Neural Network Framework for Java

I spent the last month learning how to use Self-Organizing Maps (SOM) for my Neural Network course. I used a SOM to perform instance matching (which is not typically what it is used for) with the intention that possibly it could be used in a 2-level fashion or with some other supervised approach. Think of SOM as a clustering technique. It maps high dimensional data into a lower dimension (typically 2-D) space and it enables one to visually see the data in 2-D. The beauty of a SOM is that it is unsupervised which means you do not need to specify the desired output for your training set.

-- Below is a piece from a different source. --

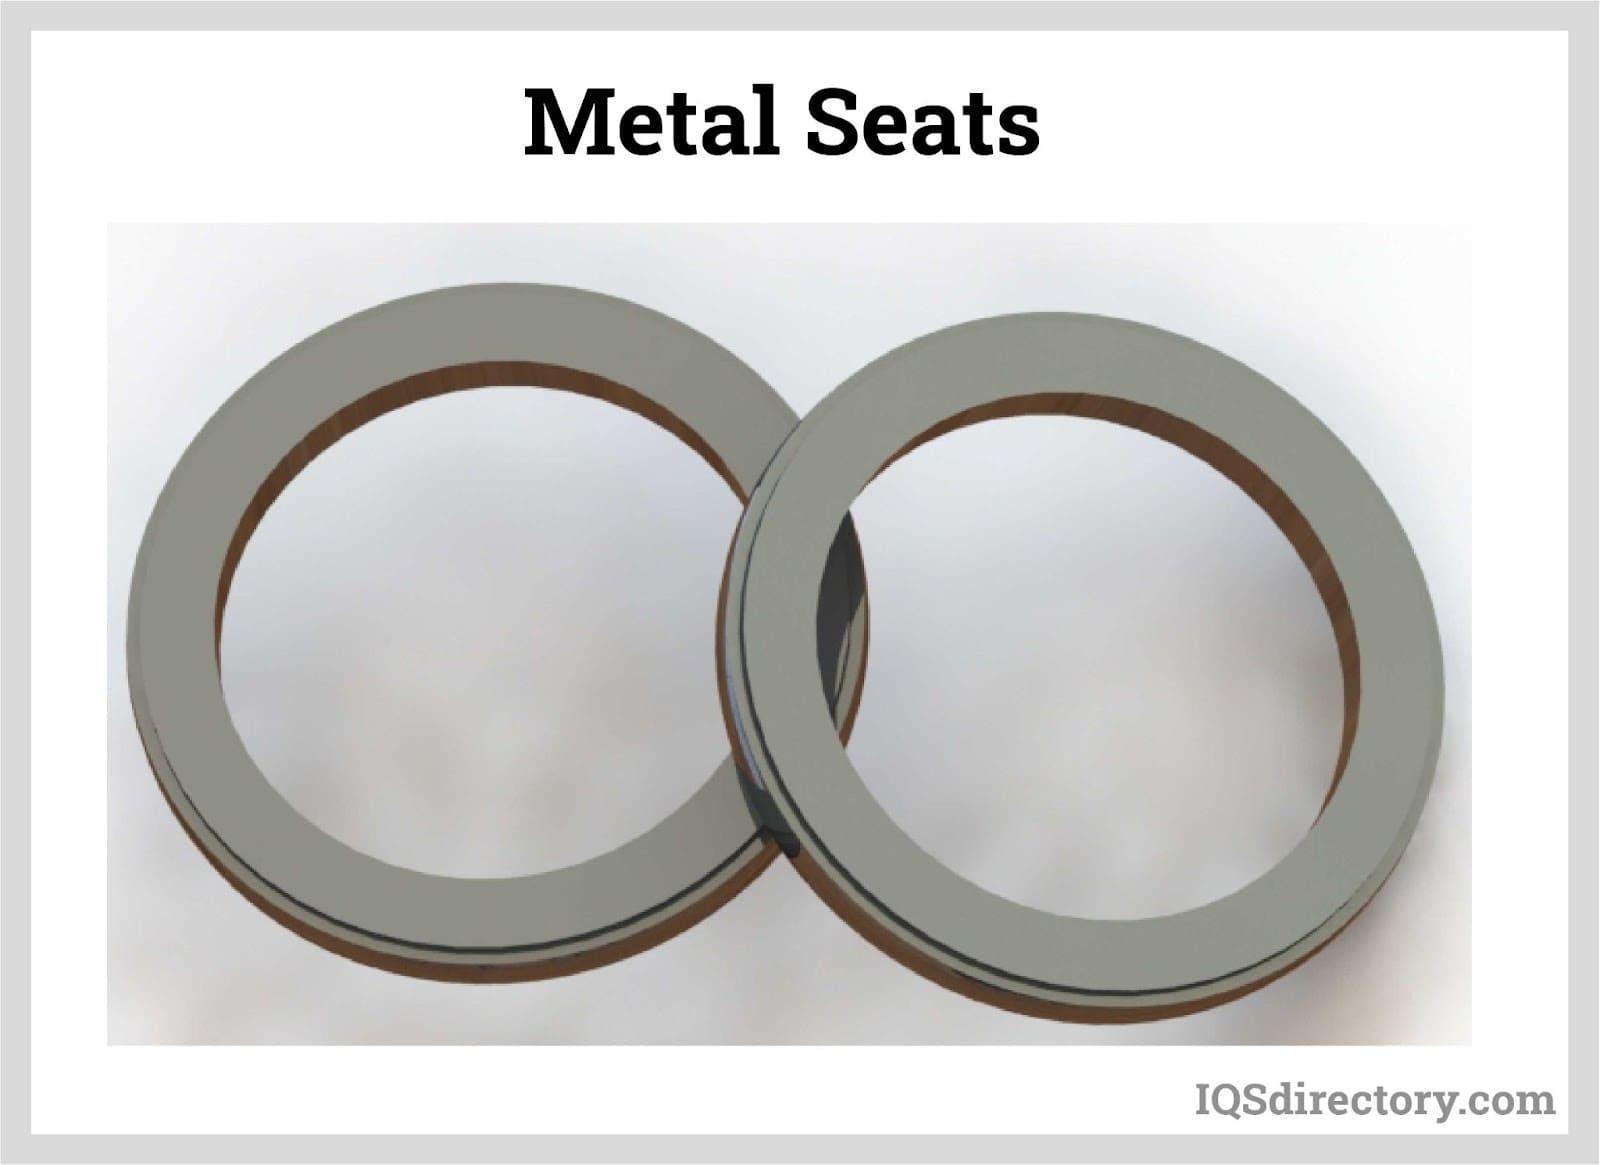 Metal Seats

It outperformed K-Means when running comparison tests using the OAEI IIMB benchmark both in F-Measure scores and CPU time.

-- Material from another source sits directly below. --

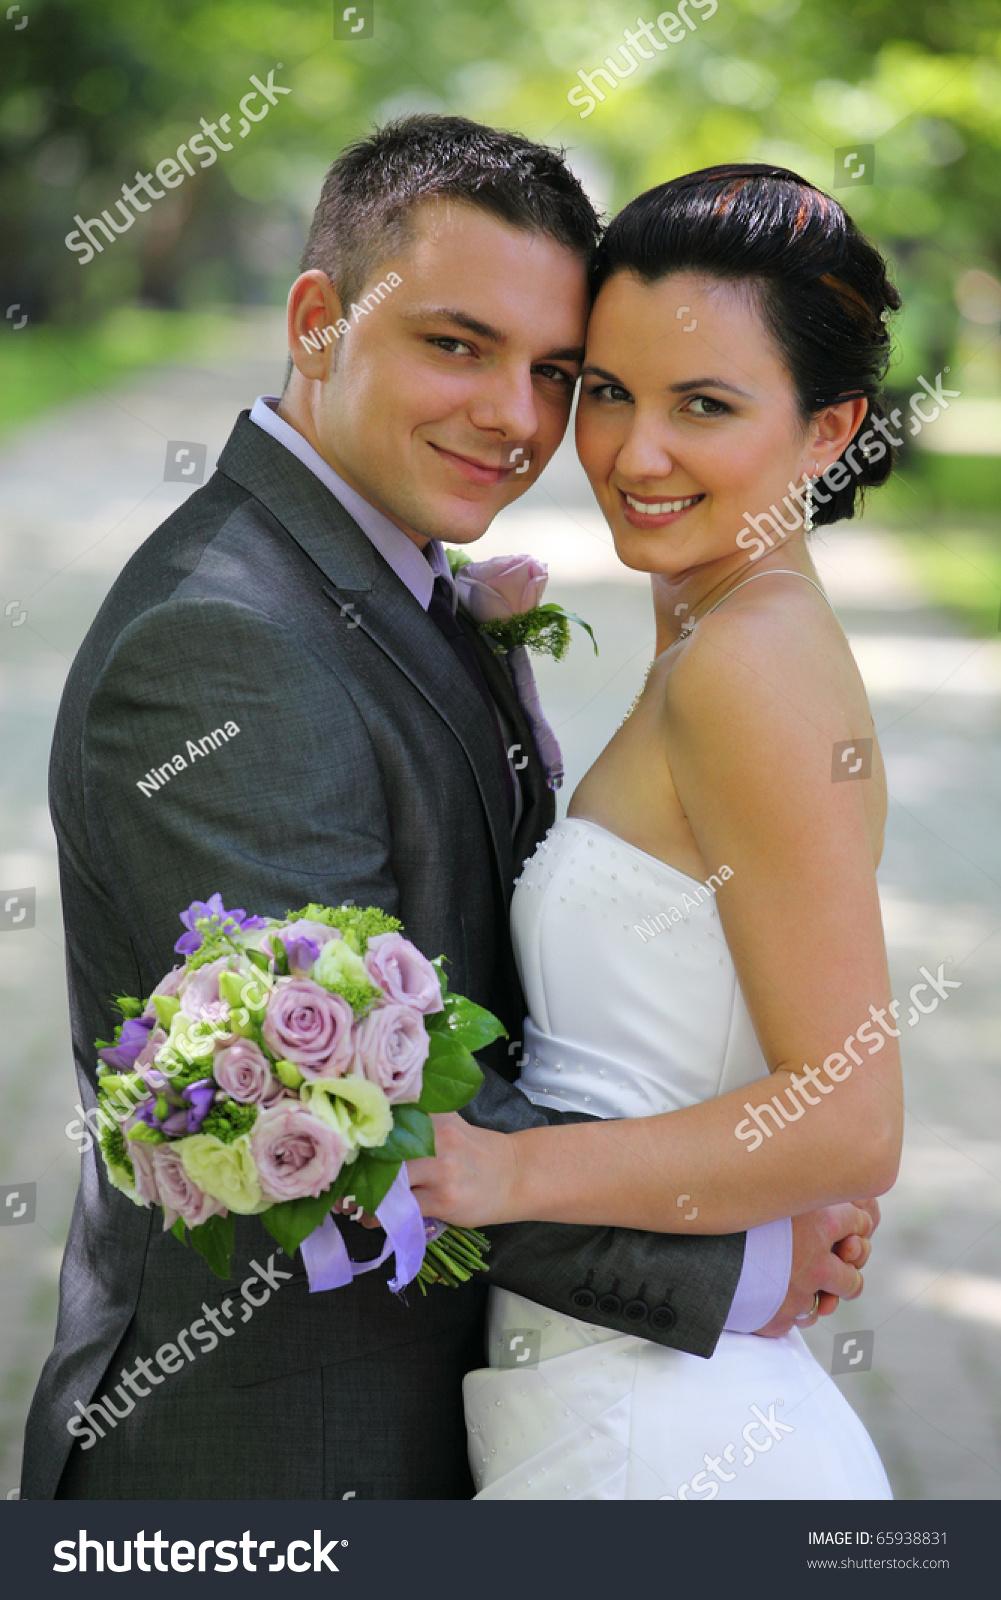 Online Image Amp Photo Editor

I used Encog for the Neural Net framework. I experienced a lot of memory issues but for the most part I was quickly running a SOM, K-Means and SVM comparison test.

For the next test, I think using Matlab, Weka or R might be a better approach. As much as I like to keep things nice and clean in the code. I quickly have memory issues as I increase the number of instances to test.

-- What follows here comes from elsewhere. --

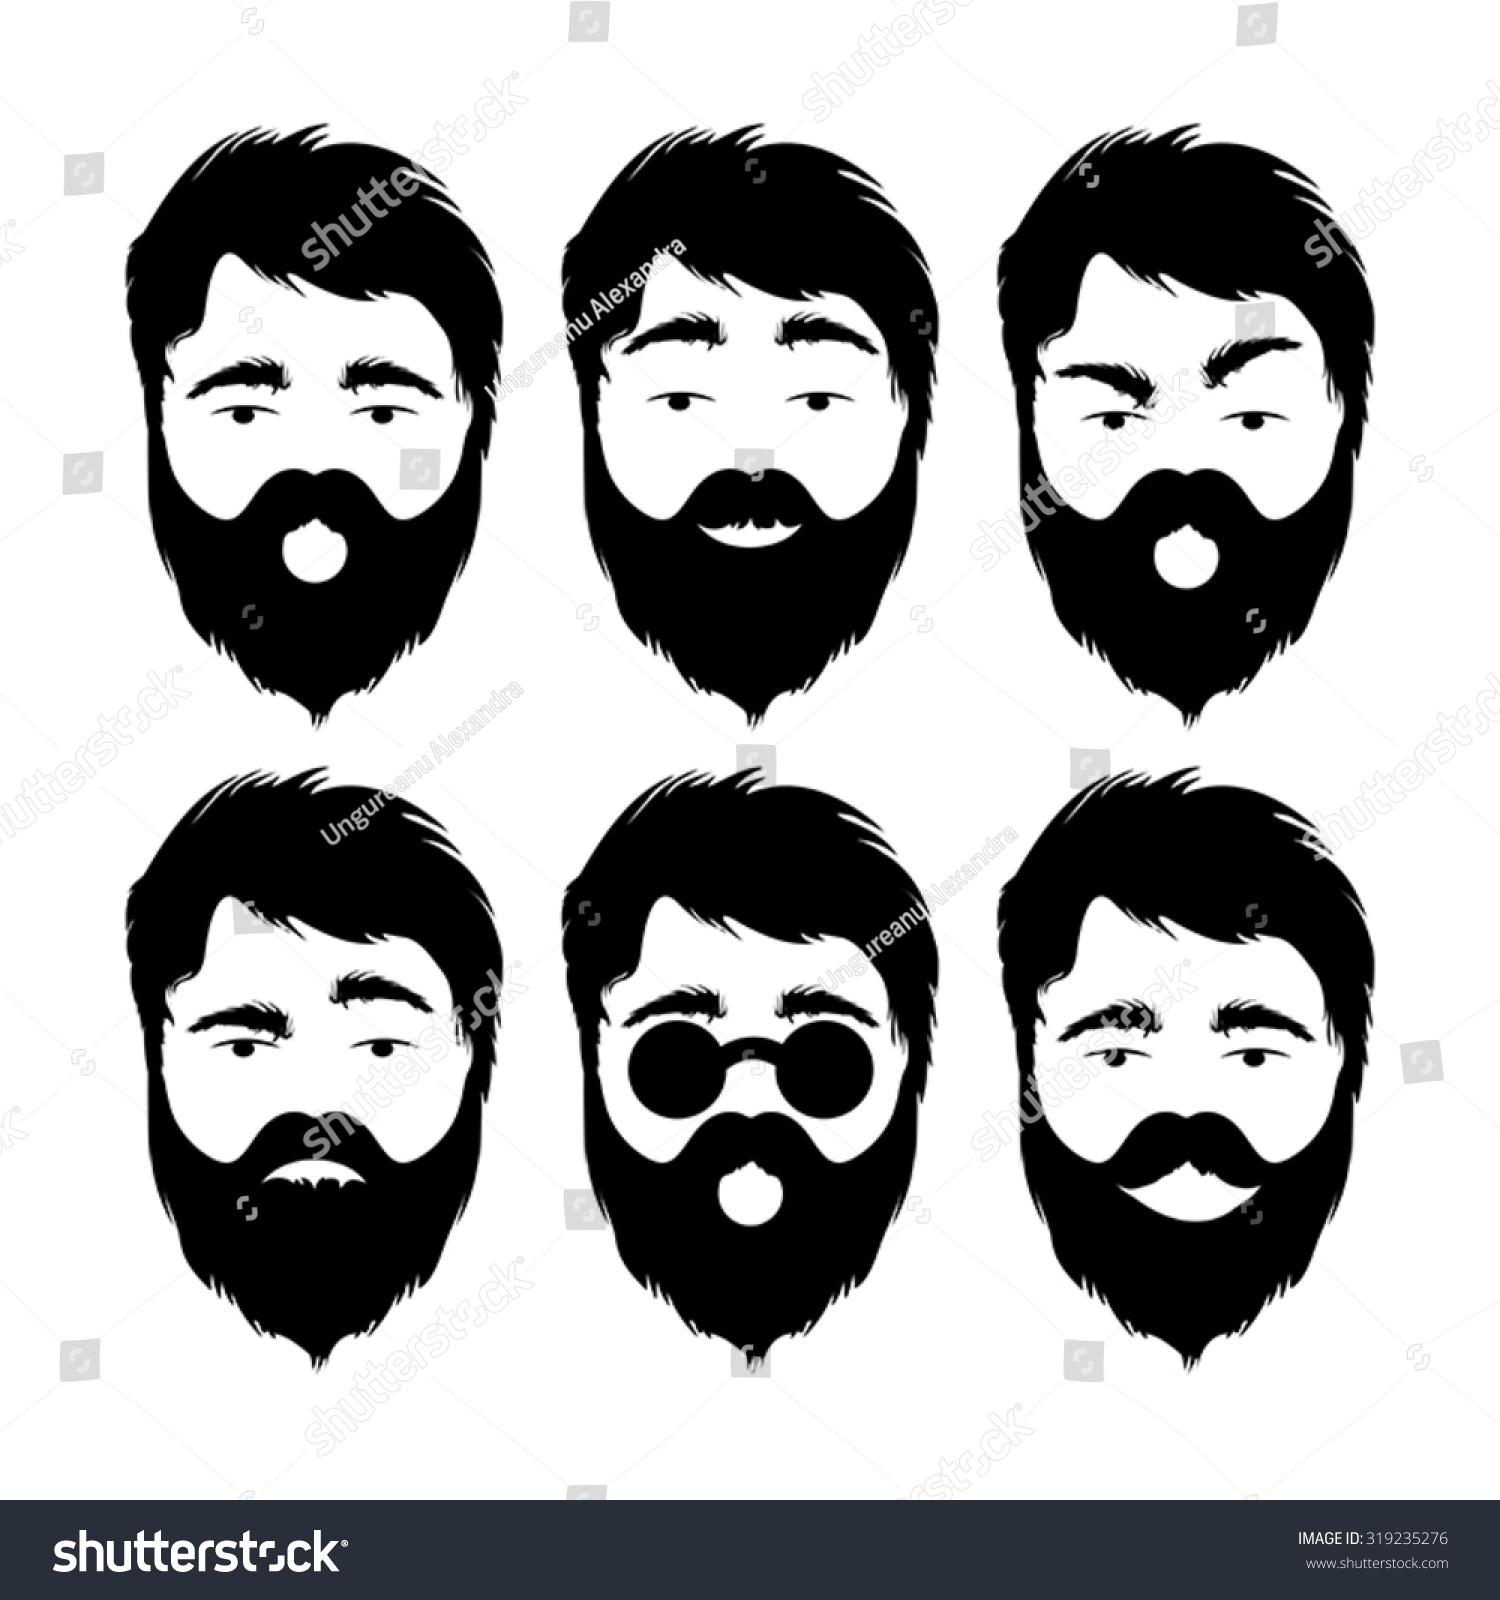 Illustration of modern flat emoticons with beard man isolated on white background

Code Sample for Encog SOM (based on the Encog example):

//Set of the training data, no desired output in this case
MLDataSet training = new BasicMLDataSet(trainingInput,null);

// Create the SOM neural network with an input count and an output count
// This is basically your input node size and output node size
// One point of improvement
SOM network = new SOM(inputNodeSIze,ouputNodeSize);

//reset the nework
network.reset();

//Here you specify your parameters i.e. learning rate and neighborhood function
//I used the NeighborhoodSingle here but clearly that is not the best choice
//Next round of tests will use a RBF and a GaussianFunction
//.7 for learning rate is not unreasonable
BasicTrainSOM train = new BasicTrainSOM(
network,
0.7,
training,
new NeighborhoodSingle());
//new NeighborhoodRBF(sizes, RBFEnum.Gaussian)

//store the winner in a space in the 2-d array reserved
//calling code will lump instances that have the same winner
//to determine which instances are 'similar'
double[][] newItems = new double[input.length][];
int i=0;
for (double[] item: input)
{
item[item.length-2]=network.winner(new BasicMLData(item));
newItems[i] =item;
i++;
}
Encog.getInstance().shutdown();